また、別の元官僚は「民主党政権と安倍官邸の弊害」を指摘する。民主党政権は「官僚政治の打破」を掲げ、官僚から主導権を奪った。安倍晋三政権当時は官邸官僚が幅を利かせ、各省庁にあれこれ口を出した。この元官僚は「昔は課長が一番楽しいポストでした。自分で課員を引っ張りながら政策をつくり、局長に談判する。納得した局長が官邸にかけ合って許可を得るという流れでした。
でも、今は官邸が局長に電話をかけて指示を飛ばします。局長はただ、それを下に流すだけです。官僚のやりがいのある仕事の一つは、複数の政策案を出して、政治家に選んでもらうことですが、今は官邸が決めたことをやるだけという状態です」とぼやく。
元官僚の1人は「これじゃあ、仕事が面白くないわけです。同じ忙しいなら、給料が10倍以上もらえるかもしれない外資系コンサルタント会社に流れるのも無理ないでしょう。日本では官僚が優秀なコンサルタントだったんですが、それも今は昔ですね」と話す。

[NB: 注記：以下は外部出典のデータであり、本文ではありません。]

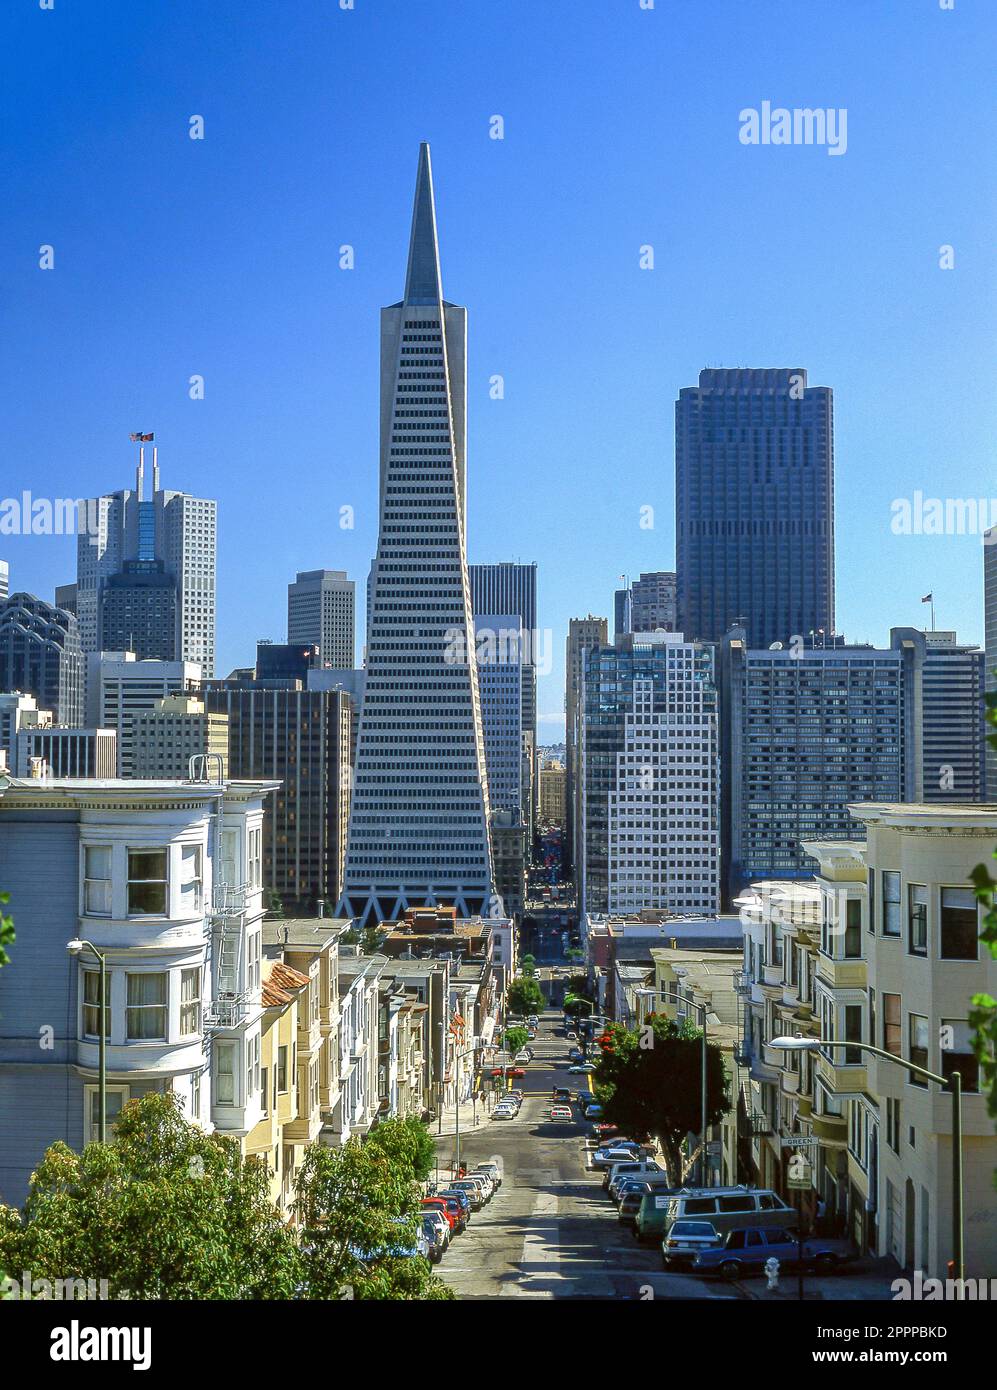 View of downtown business district showing Transamerica Pyramid Building, San Francisco, California, United States of America Stock Photo

昨年9月に亡くなった古川貞二郎元官房副長官も生前、同じことを憂えていた。古川さんは「官邸が後ろから、官僚を人事で脅した。霞が関の空気がこの5~6年で一変した。官邸が全部決めてしまうから、官僚は自分で政策に関与できない。だから、仕事がつらくなる」と話していた。城山三郎の名著『官僚たちの夏』など、もうあり得ない世界だとも語っていた。
官僚たちの職場は「ホワイトすぎる」とは言えないが、「やり甲斐がない」「自分を磨けない」という点で、共通の悩みを抱えていると言えそうだ。